SNOWFLAKE) - Return the results as JSON
This endpoint would only be used internally, but I’m fully aware that executing arbitrary SQL brings security concerns, so I’m trying to understand what is possible with Dataiku.
Is there a way to interact with a snowflake database using a sql statement in a Python endpoint ?
Here is what I tried :
import dataiku
from dataiku.core.sql import SQLExecutor2
dataiku.set_default_project_key("PROJECT_KEY")

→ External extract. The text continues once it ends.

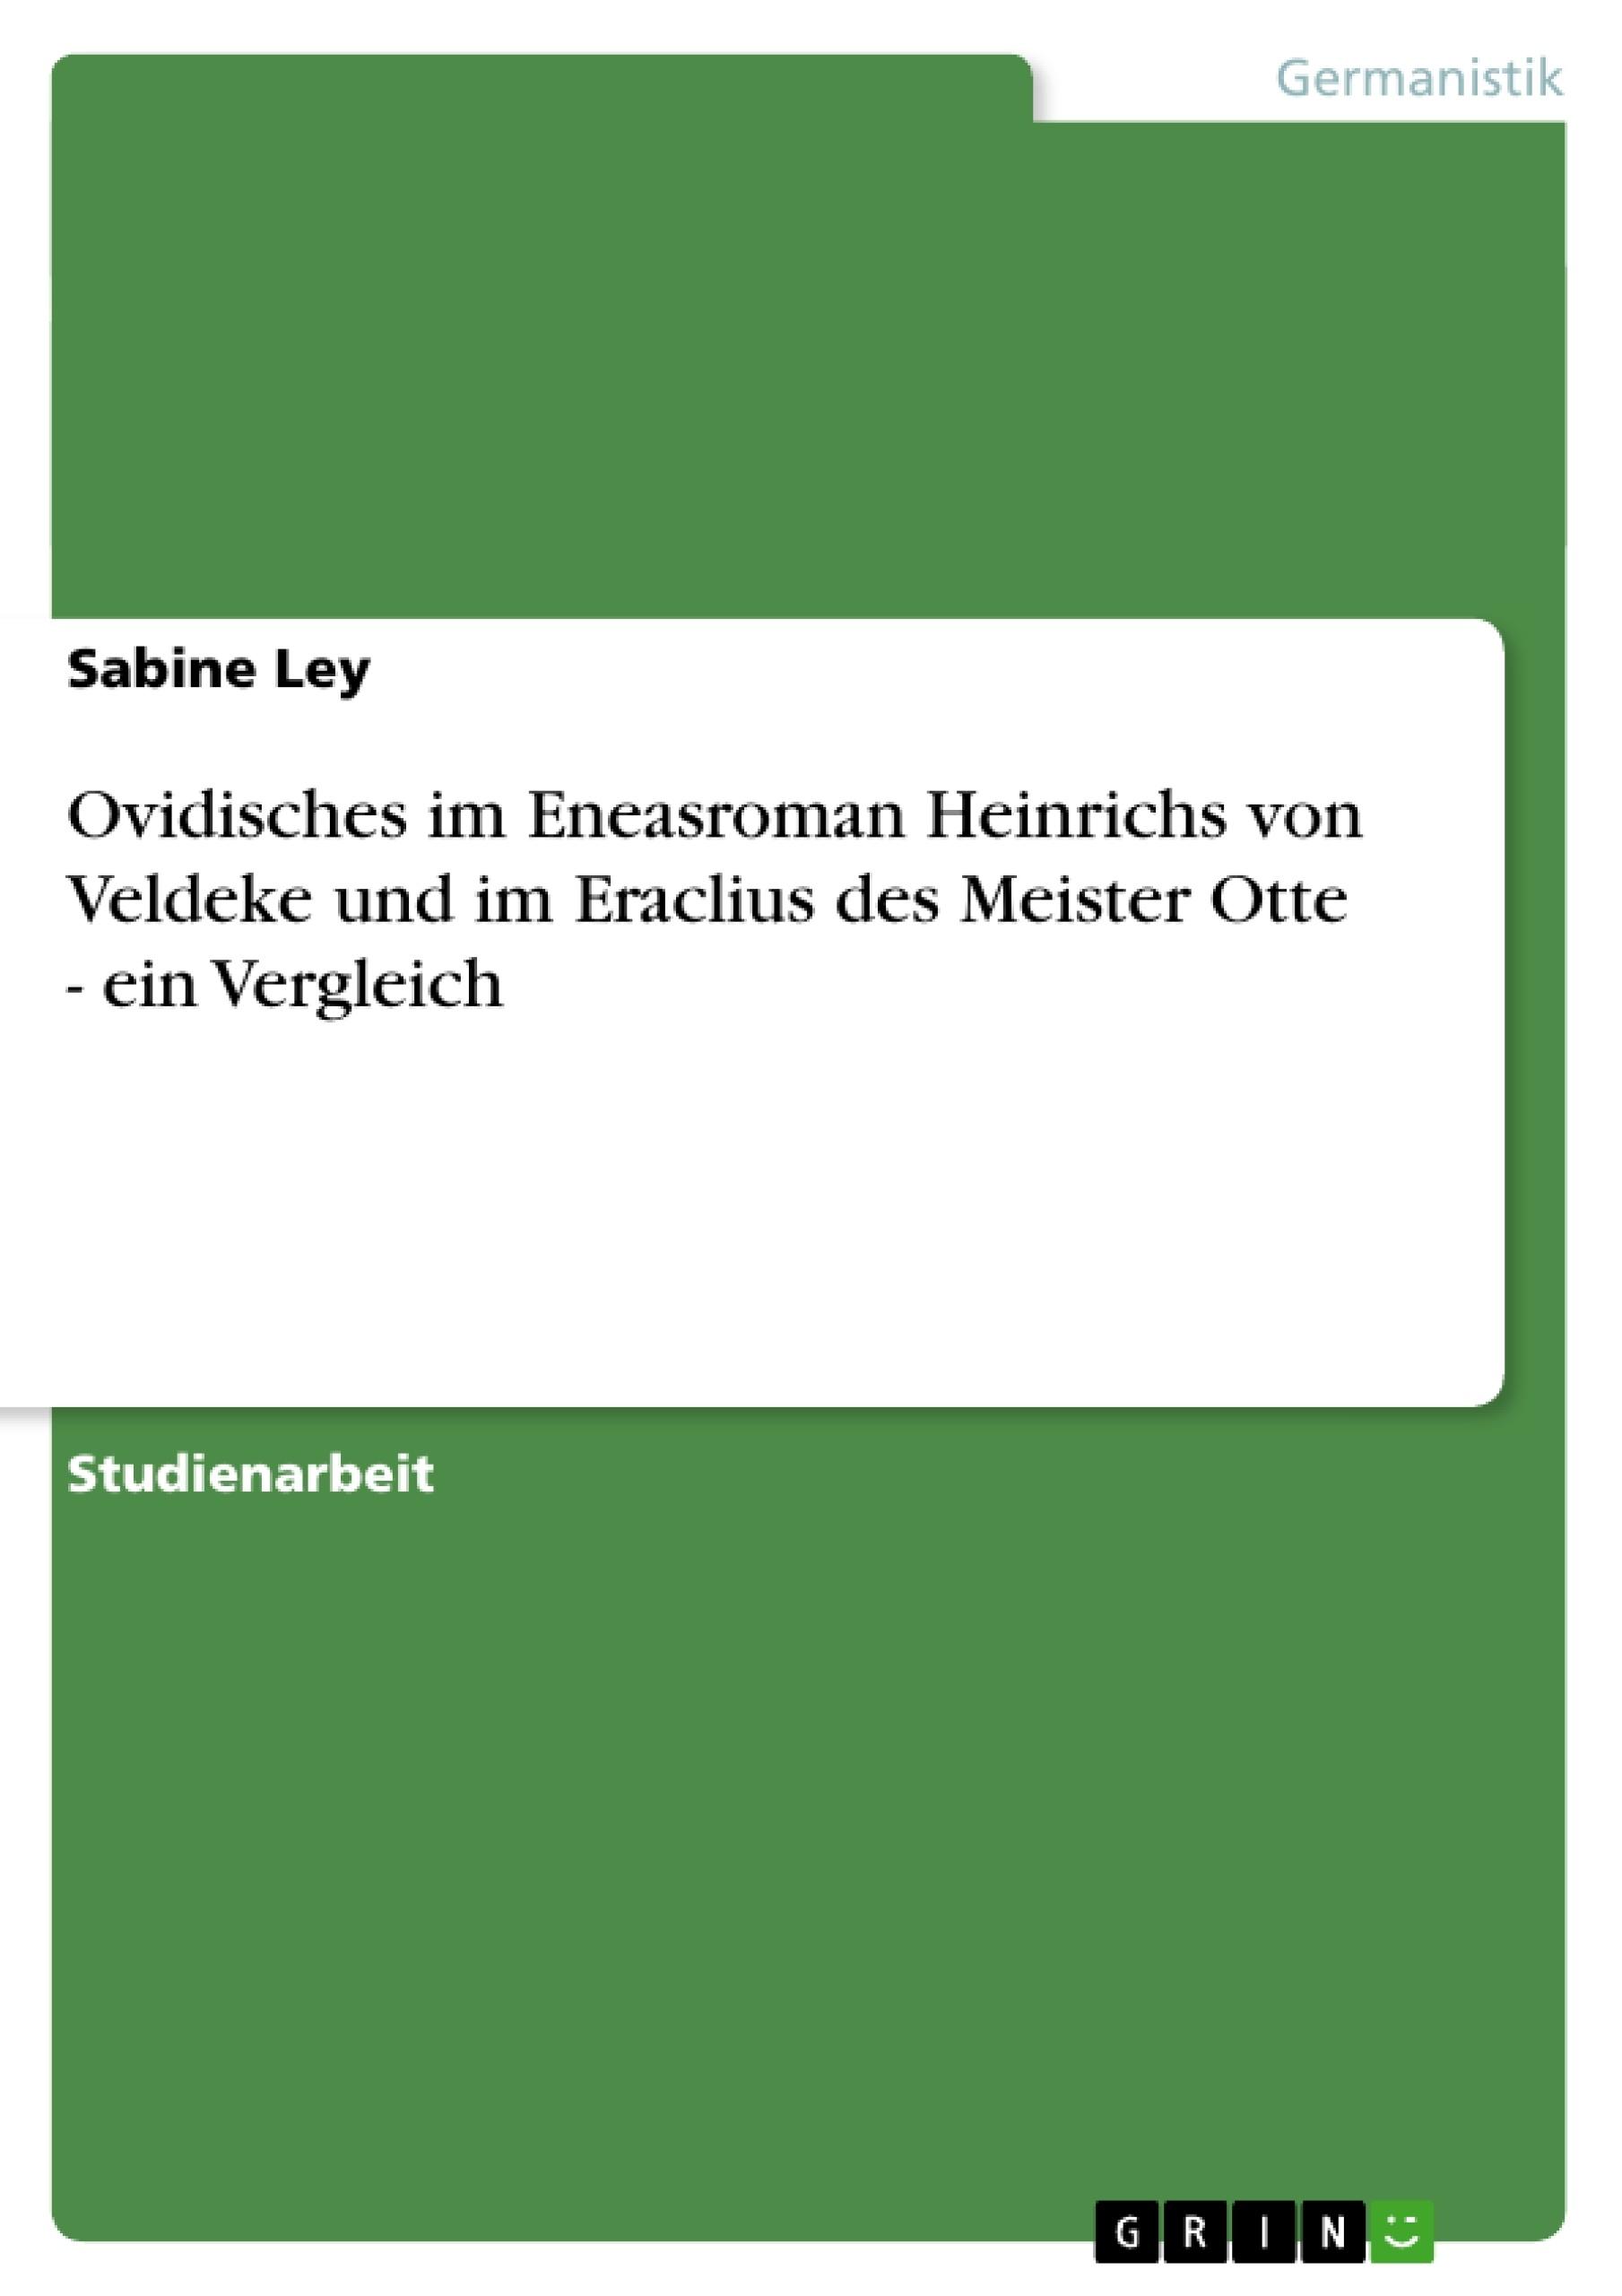 Titel: Ovidisches im Eneasroman Heinrichs von Veldeke und im Eraclius des Meister Otte - ein Vergleich

# function to execute the query using SQLExecutor2
def executeQuery(database, query):
query_result = SQLExecutor2(connection=database).query_to_df(query)
return query_result
def api_py_function():
return executeQuery("SNOWFLAKE_CXN_NAME",
"SELECT COUNT(*) FROM SCEHMAS.TABLE")
result : no adapters were found for intercom/sql-queries/start-streaming
Thanks in advance.
Dataiku version used: 13.5.5
Answers
-
Turribeach Dataiku DSS Core Designer, Neuron, Dataiku DSS Adv Designer, Registered, Neuron 2023, Circle Member Posts: 2,696 NeuronWhy are you using a Python endpoint if there is already a built-in SQL Query endpoint type?
-
Hi,
I am unsure what you are doing, and your code seems to be just boilerplate. So, it is not easy to help you with this subject.

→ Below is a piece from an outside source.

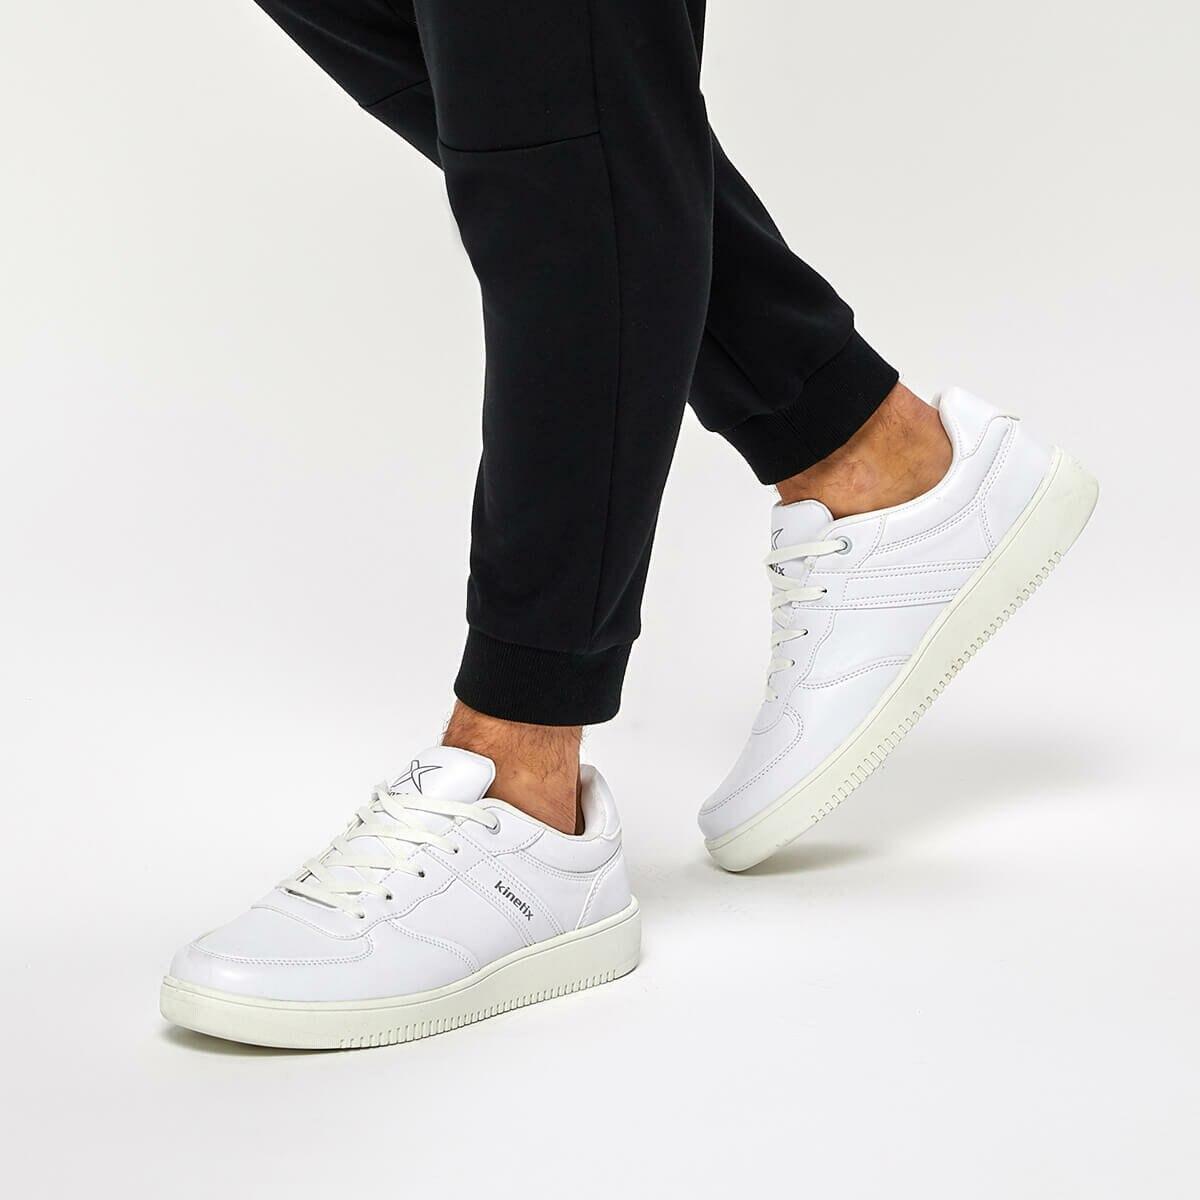 FLO FORTER M White Men 'S Sneaker Shoes KINETIX

Did you look at the documentation?
Does a code like this do the job:
dataset = dataiku.Dataset("pro_customers_sql") table_name = dataset.get_location_info().get('info', {}).get('quotedResolvedTableName') executor = SQLExecutor2(dataset=dataset) cid = Constant(str(customerId)) escaped_cid = toSQL(cid, dialect=Dialects.POSTGRES) # Replace by your DB query_reader = executor.query_to_iter( f"""SELECT "name", "job", "company" FROM {table_name} WHERE "id" = {escaped_cid}""") -
The SQL Query endpoint is a static way of querying the database, I want a solution that would allow me to do any query through the API call on the connexion.
-
Hello, thanks for taking a look, while reading the documentation I did another version of my python endpoint :
from dataiku import SQLExecutor2
from dataiku.apinode import utils
# Endpoint API DSS
def api_py_function():
# Connect to DSS and get a client
client = utils.get_self_client()
executor = SQLExecutor2(connection="SNOWFLAKE")

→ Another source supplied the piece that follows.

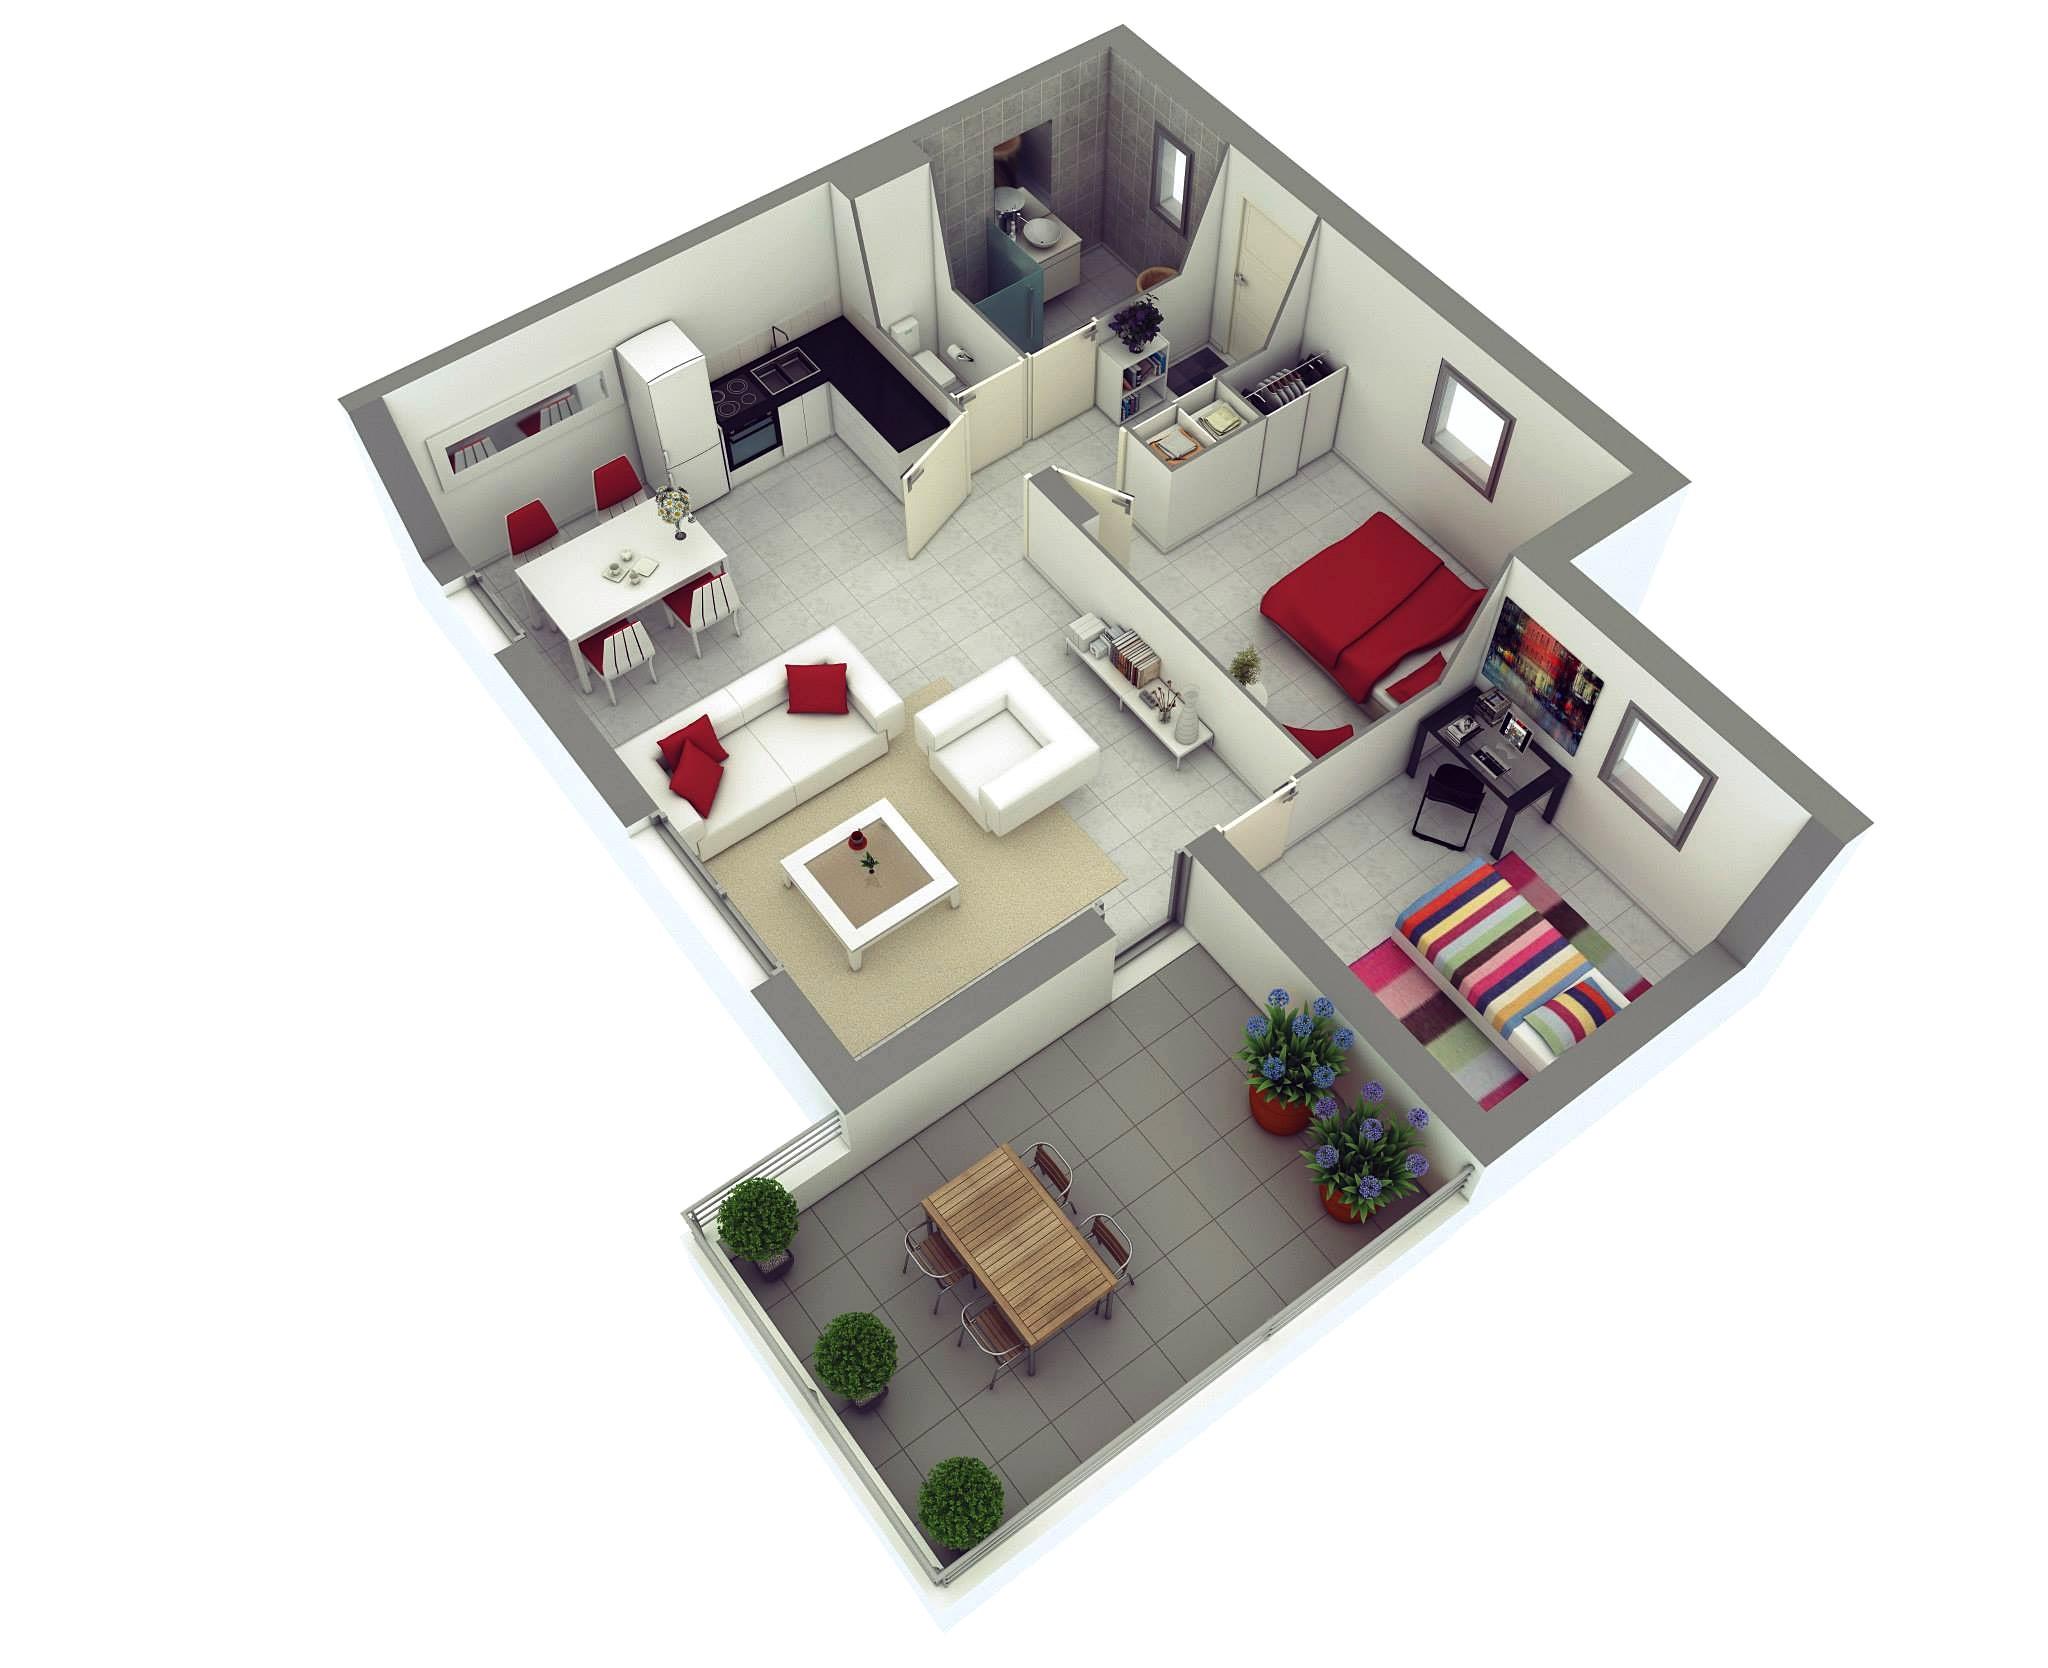 15 Denah Rumah Minimalis 2 Kamar Tidur 3D 2019 Terbaru Dekor Rumah

query_reader = executor.query_to_iter("SELECT 1 FROM DUAL")
query_iterator = query_reader.iter_tuples()
return query_iteratorI get the error :
Failed: Failed to run function : <class 'Exception'> : Default project key is not specified (no DKU_CURRENT_PROJECT_KEY in env)
-
Hello,
And what about using: ?
-
After doing further testing, I found that the SQL drivers are not available on the aks pod where is hosted the python api.
Dataiku API Node does not support dynamic SQL execution via DSS-managed connections. This is a deliberate architectural and security constraint. The only supported way to execute SQL on API Node is through SQL Query endpoints with predefined queries.
Sadly, a SQL Endpoint like 'SELECT ?' wont be usable by the Python Endpoint as well since the parameters are passed in a Dict and surrounded by single quotes which will result in for example :
{'QUERY' : '1 FROM DUAL'} → SELECT '1 FROM DUAL' in Snowflake will give us the result of the API '1 FROM DUAL' instead of '1'.This behavior is intentional and consistent across databases. It prevents SQL injection, enforces query validation, and preserves execution plans. Consequently, SQL parameters cannot be used to alter the structure of a query, only its values.
The idea of exposing an API endpoint capable of executing arbitrary SQL passed dynamically by callers is generally an anti‑pattern. It introduces significant risks in terms of security (SQL injection, privilege escalation, data exfiltration), operational stability (unbounded queries, large result sets).